Bug description:
When trying to run a pdf through a Prodigy PDF module (eg. pdf.layout.fetch) the system will start processing the pdf, but ultimately error out with the below.
Through online research, several users have received similar errors (outside of Prodigy use) with a common solution being to downgrade transformers==4.38.2
However, doing this leads to a dependency conflict as docling-ibm-models 3.1.0 requires transformers<5.0.0,>=4.42.0.
Reproduction steps:
Clean install of prodigy 1.17.3 and prodigy pdf and running a pdf through it.
Environment variables:
Version 1.17.3
License Type Prodigy Personal
Location D:\Programs\anaconda3\envs\env311_nlp\Lib\site-packages\prodigy
Prodigy Home C:\Users\sinad\.prodigy
Platform Windows-10-10.0.19045-SP0
Python Version 3.11.11
spaCy Version 3.7.5
Database Name SQLite
Database Id sqlite
Total Datasets 3
Total Sessions 25
The issue actually comes from a potential resource conflict between pypdfium2 and docling when they try to access the same PDF file
It can be fixed by explicitly closing the PDF file once it's not used anymore by pypdfium2.

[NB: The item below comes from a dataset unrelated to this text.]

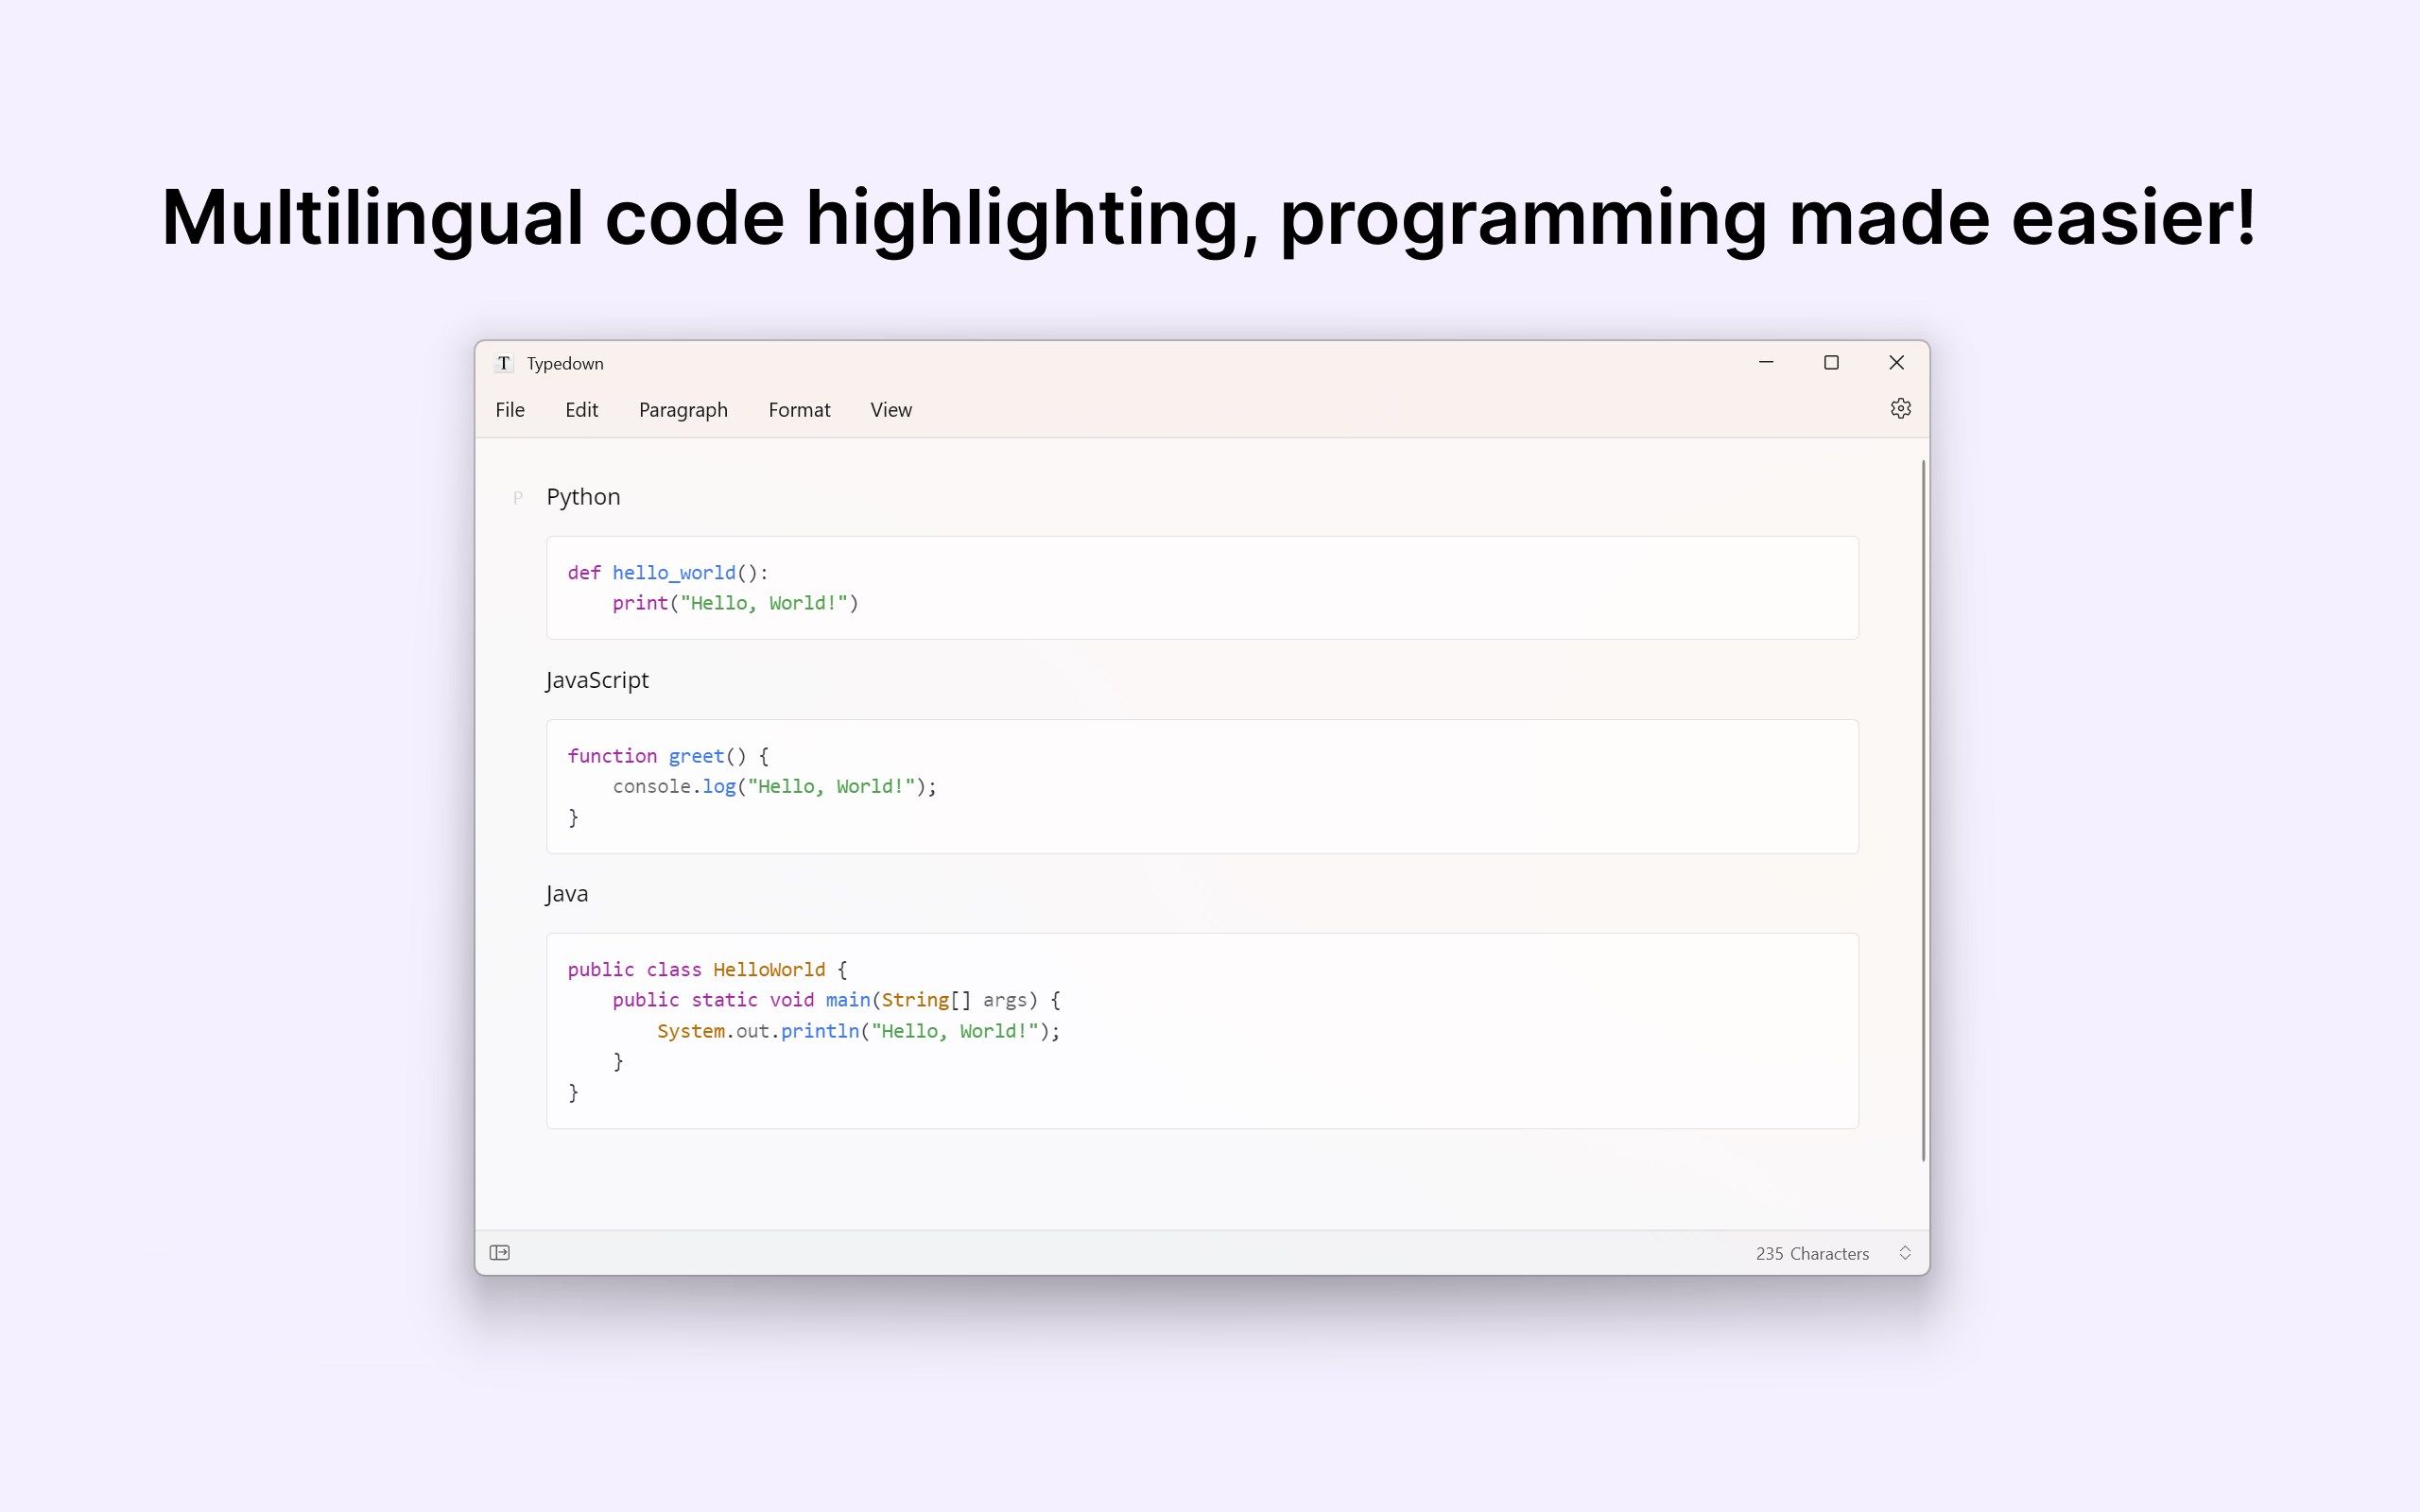 Multilingual code highlighting, programming made easier!

Could you check if version 0.4.1 of the plugin solves this issue?
Also a heads-up that while working on this issue I found a small bug in spacy-layout where the document layout pagination and span layout pagination might be mismatched. You also might watch for an update from spacy-layout( PR)
Unfortunately, after updating to version 0.4.1 the issue (KeyError: 1) still remains. Additionally, I am testing on documents greater than 1 page to account for the separate potential spacy-layout issue.
Thanks for the quick feedback!
The Cannot close object, library is destroyed message is not showing up anymore, right?
The Key Error is related to the spacy-layout issue. If there are layout spans on pg 1 of the PDF, they will cause the KeyError as pg 1 won't exist on the document layout.
I'll let you know as soon as the patch to spacy-layout is released. Sorry about that!
Thanks for the update! Happy to report that we have already patched spacy-layout.
You should be able upgrade to v0.0.11 in place to get the fix.
In the meantime, we have also fixed one more outstanding issue in prodigy-pdf plugin, so it's recommended to upgrade this as well to v0.4.2. Thanks again for the report!